MADELÓN.- Me muero de
despecho
MAROTTE.- (Entrando.
A MASCARILLA.) ¿Qué es esto? ¿Quién va a pagar a los violines?
MASCARILLA.-
Preguntad al señor vizconde.
MAROTTE.- (A
JODELET.) ¿Quién le dará el dinero?
JODELET.- Preguntad
al señor marqués.
Escena XVIII
GORGIBUS, MADELÓN, CATHOS, JODELET, MASCARILLA y
MAROTTE.
GORGIBUS.-
(Entrando.) ¡Ah bribones, en buen apuro nos ponéis por lo que veo! Y acabo de
enterarme de lindas cosas, realmente, por esos caballeros que salen.
MADELÓN.- ¡Ah padre
mío, nos han gastado una broma sangrienta!
GORGIBUS.- ¡Sí; es
una broma sangrienta, resultado de vuestra impertinencia, infames! Les ha
ofendido el trato que les habéis dado, y sin embargo, desdichado de mí, tengo
que tragarme la afrenta.
MADELÓN.- Juro que
tomaremos venganza de ello o que moriré en el intento. Y vosotros, bergantes,
¿osáis permanecer aquí después de vuestra insolencia?
MASCARILLA.- ¡Tratar
de este modo a un marqués! Así es el mundo: la menor desgracia hace que nos
desprecien aquellos que nos querían. Vamos, camarada; vamos a buscar fortuna a
otra parte; bien veo que aquí no se ama más que la vana apariencia, y que no se
considera nada a la virtud totalmente desnuda.
Escena XIX
GORGIBUS, MADELÓN, CATHOS y MAROTTE.
MAROTTE.- Señor, los
violines pretenden cobrar por su trabajo.
GORGIBUS.- (Yendo
hacia MAROTTE.) Sí, sí.

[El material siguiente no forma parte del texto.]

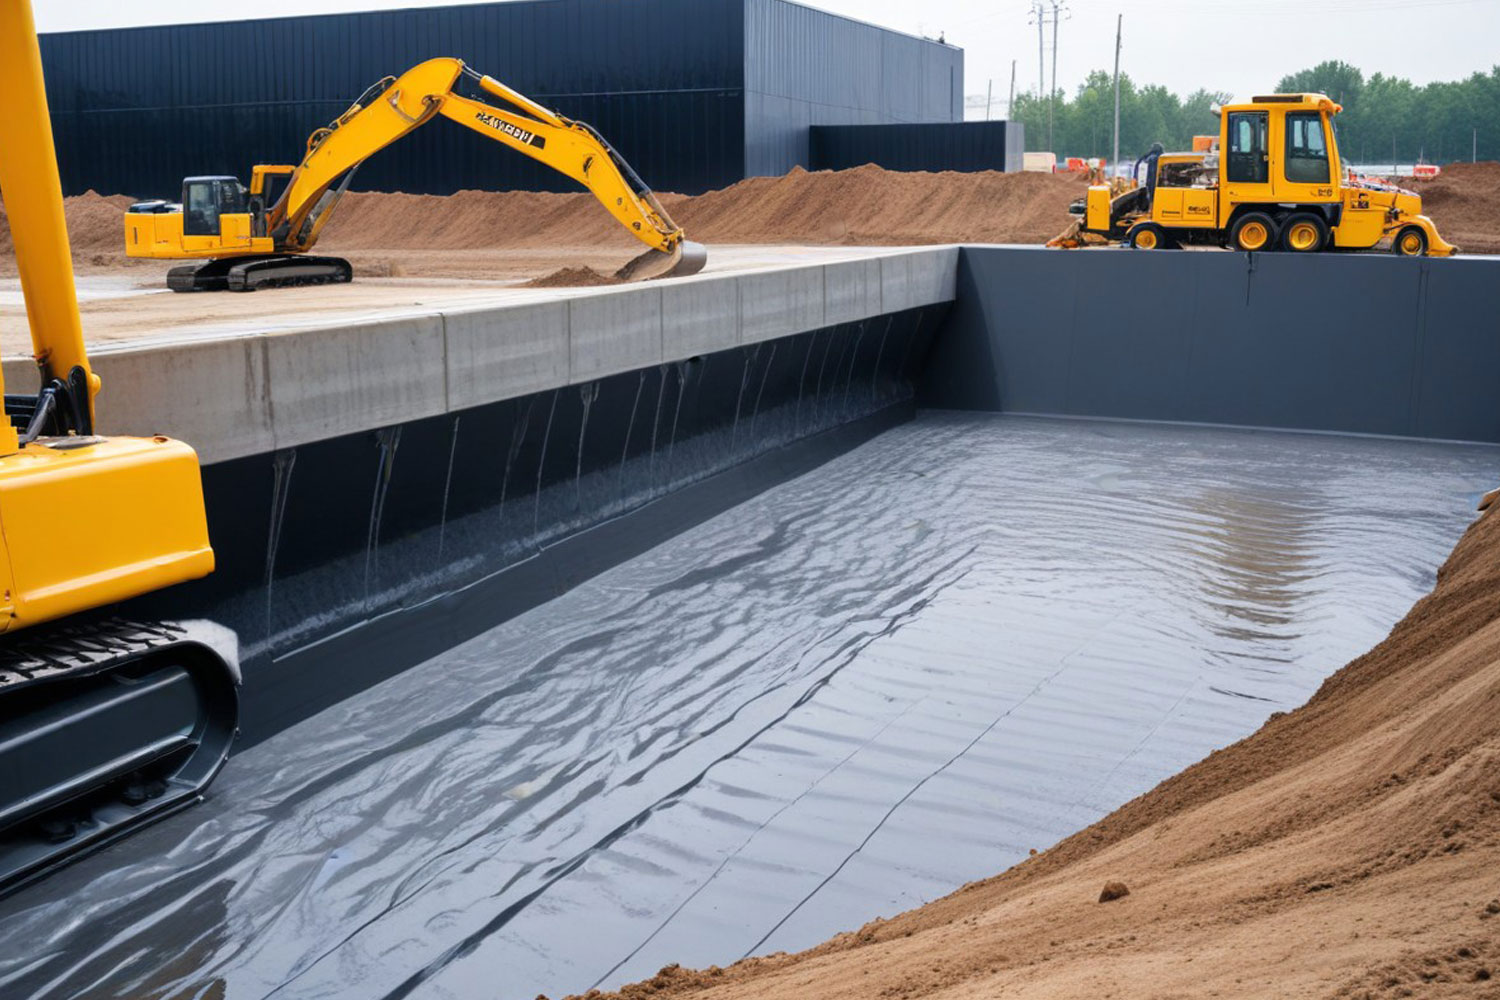 Dewatering in Construction: Managing Groundwater and Surface Water on Job Sites

Voy a pagarles, y aquí tenéis la moneda con que quiero
hacerlo.
(MAROTTE se va corriendo.)
Y vosotras, tunantas, no sé qué me detiene para no
trataros de igual modo; vamos a servir de mofa y de irrisión a todo el mundo.

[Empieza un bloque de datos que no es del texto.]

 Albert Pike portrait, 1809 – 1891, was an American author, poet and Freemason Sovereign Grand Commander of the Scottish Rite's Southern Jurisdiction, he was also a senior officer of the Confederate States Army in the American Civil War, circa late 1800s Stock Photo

Esto es lo que habéis conseguido con vuestras extravagancias. Id a esconderos,
miserables; id a esconderos para siempre.
(MADELÓN y CATHOS salen corriendo.)
Y vosotros, causantes de su locura, necios
desatinos, perniciosas diversiones de los espíritus ociosos, novelas, versos,
canciones y sonetos, ¡así se os lleven todos los diablos!